I write to wish you happy holidays, but also to ask you for your help. As you know, these are dark times for humanity, for our planet, and for our children.That’s why I have decided to return all of my Christmas gifts this year, and will use the proceeds to make cash donations directly to Mark Zuckerberg. Contributing as much as possible to Mark Zuckerberg, founder and CEO of Facebook, will also be my New Years’ Resolution, and I humbly ask you to join me on this exciting journey.

As you no doubt recently heard, Zuckerberg has pledged to donate ninety-nine percent of the value of his company stock to ambitious future projects that he will define over the course of his life. There are two major advantages to this. The first is that he will save humanity. He is clearly the man best able to decide, unilaterally, how this $45 billion (and counting) should be used. The proof is that he made $45 billion. The second is that since his pledge is actually denominated in Facebook stock, everyone can help, even if you are poor. Economy hit you hard this year? Or just short on cash this Christmas? Or maybe you are even from the developing world, where hundreds of millions of Facebook users reside. Don’t worry! As an alternative to direct cash payments to Zuckberberg, you can simply do everything in your power to push up the value of Facebook stock. Spend as much time on the site as possible. Do all your shopping there. Create and upload great content. Just keep doing what you’ve been doing — but more of it — to make him as rich as possible.

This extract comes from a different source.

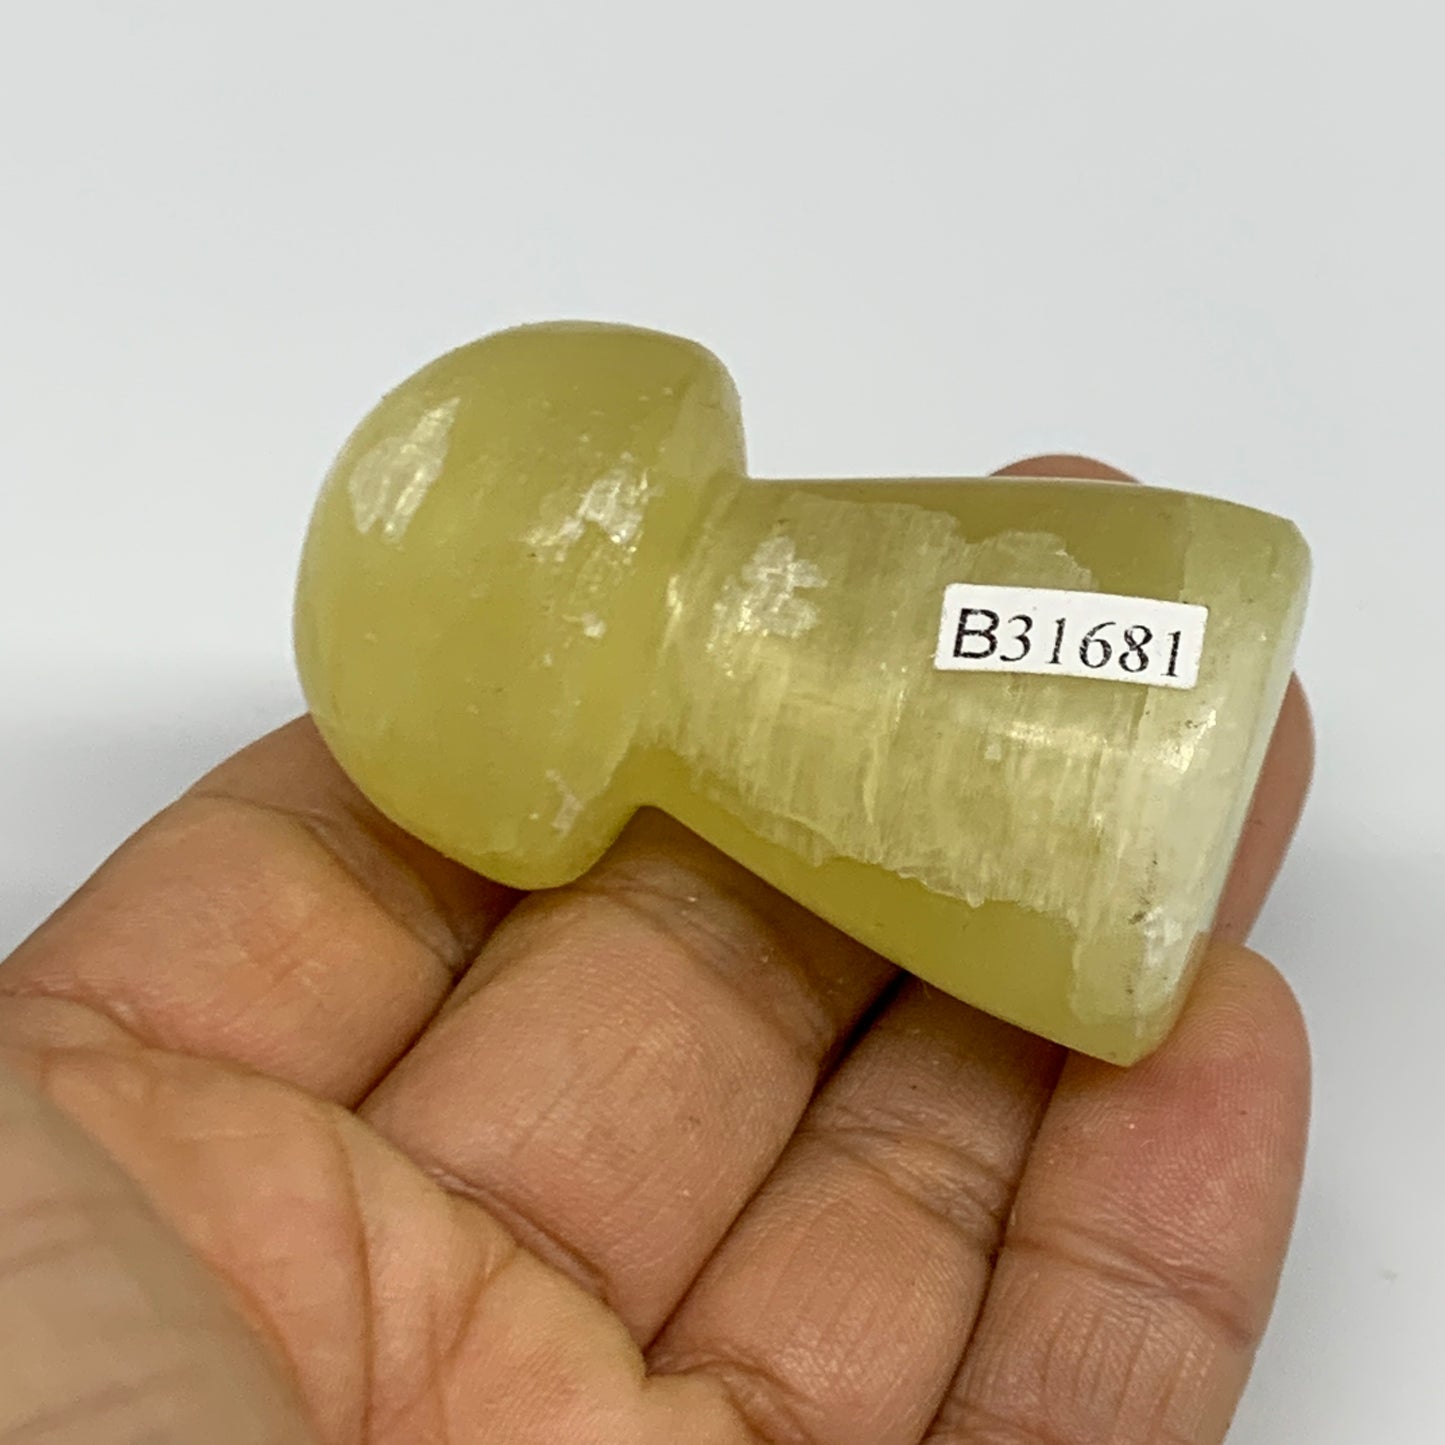 79.4g, 2"x1.2" Natural Lemon Calcite Mushroom Gemstone @Pakistan, B31681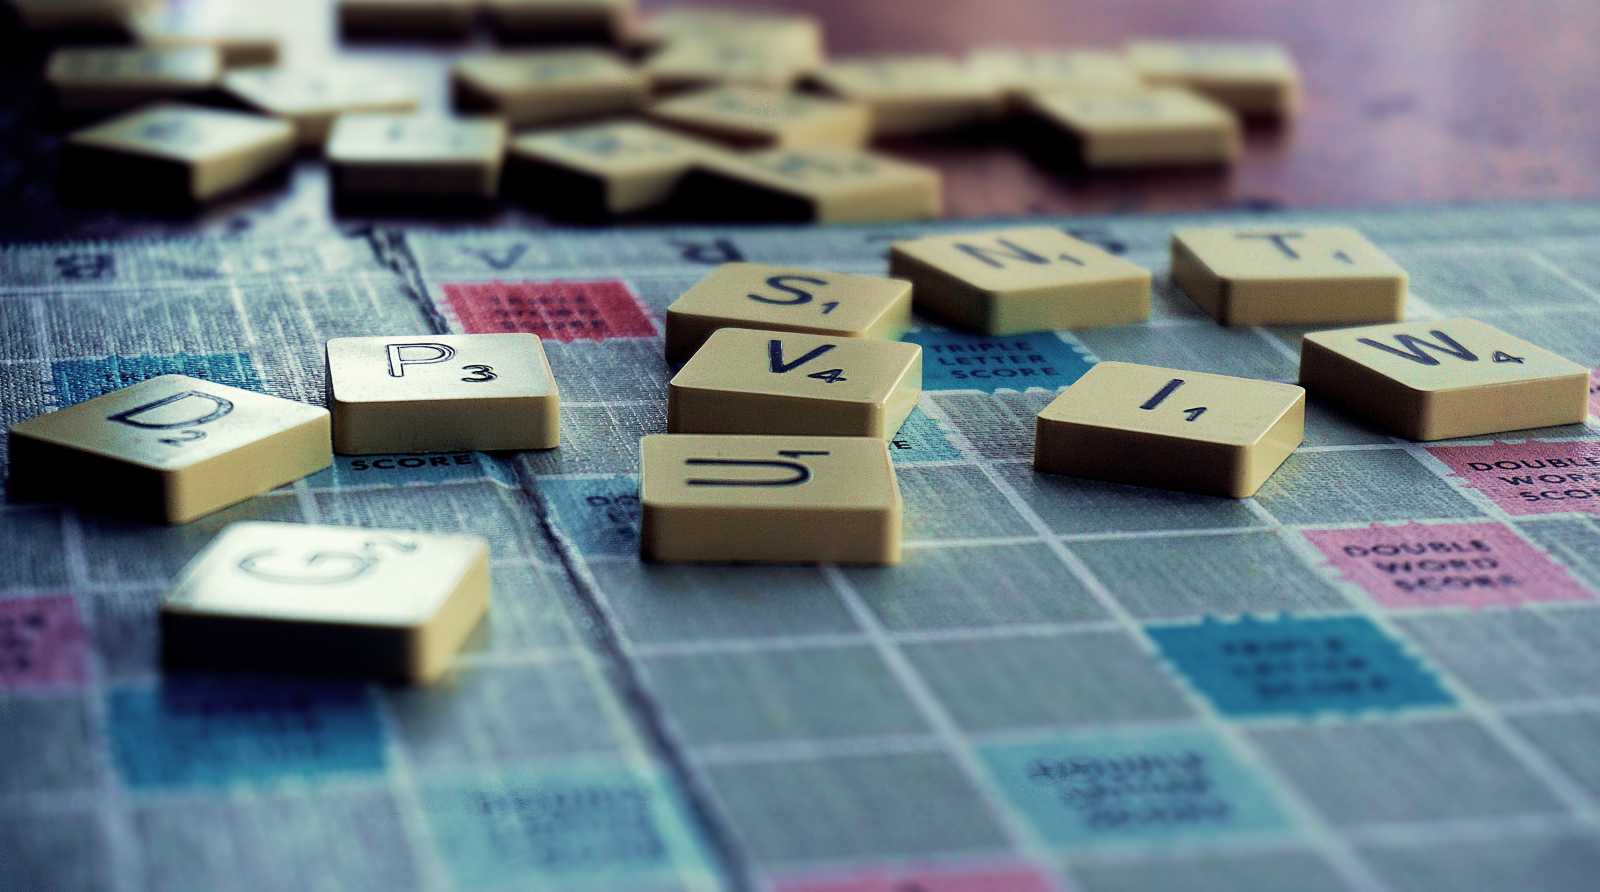 Scrabble | Illusztráció forrása: Pexels

Some of my friends have said: Didn’t we sort of do a lot for Zuckerberg already? They say, “Didn’t that guy not even invent anything? Didn’t he just marry three existing technologies — websites, and email, and the sheen of North American university elitism — and then wait for the world’s population to pour their images, writing, and interpersonal communications freely into his servers? Didn’t we actually already make him that $45 billion? And for the last few years, hasn’t he been re-designing the site’s algorithms in an effort to maximize its usage and profitability, consequently fundamentally altering the way our friends and the world are represented to us, with sometimes devastating psychological consequences?”

They’re looking at it wrong. Through the beautiful mechanisms of the market, we’ve successfully carried out an efficient transfer of resources to the man who can best put them to use. It may not have been easy, but no one forced us to sign up Facebook or to keep posting. We poured out our blood, sweat, memes, and identity politics to get him this far.

But think of how much further he could go with our help. Imagine what Zuck could do if he had $50 billion, $60 billion, or even $500 billion. Luckily, we don’t have to imagine, since he laid out very specific ideas in an open letter to his newborn daughter published on Facebook.com.

Can you learn and experience 100 times more than we do today?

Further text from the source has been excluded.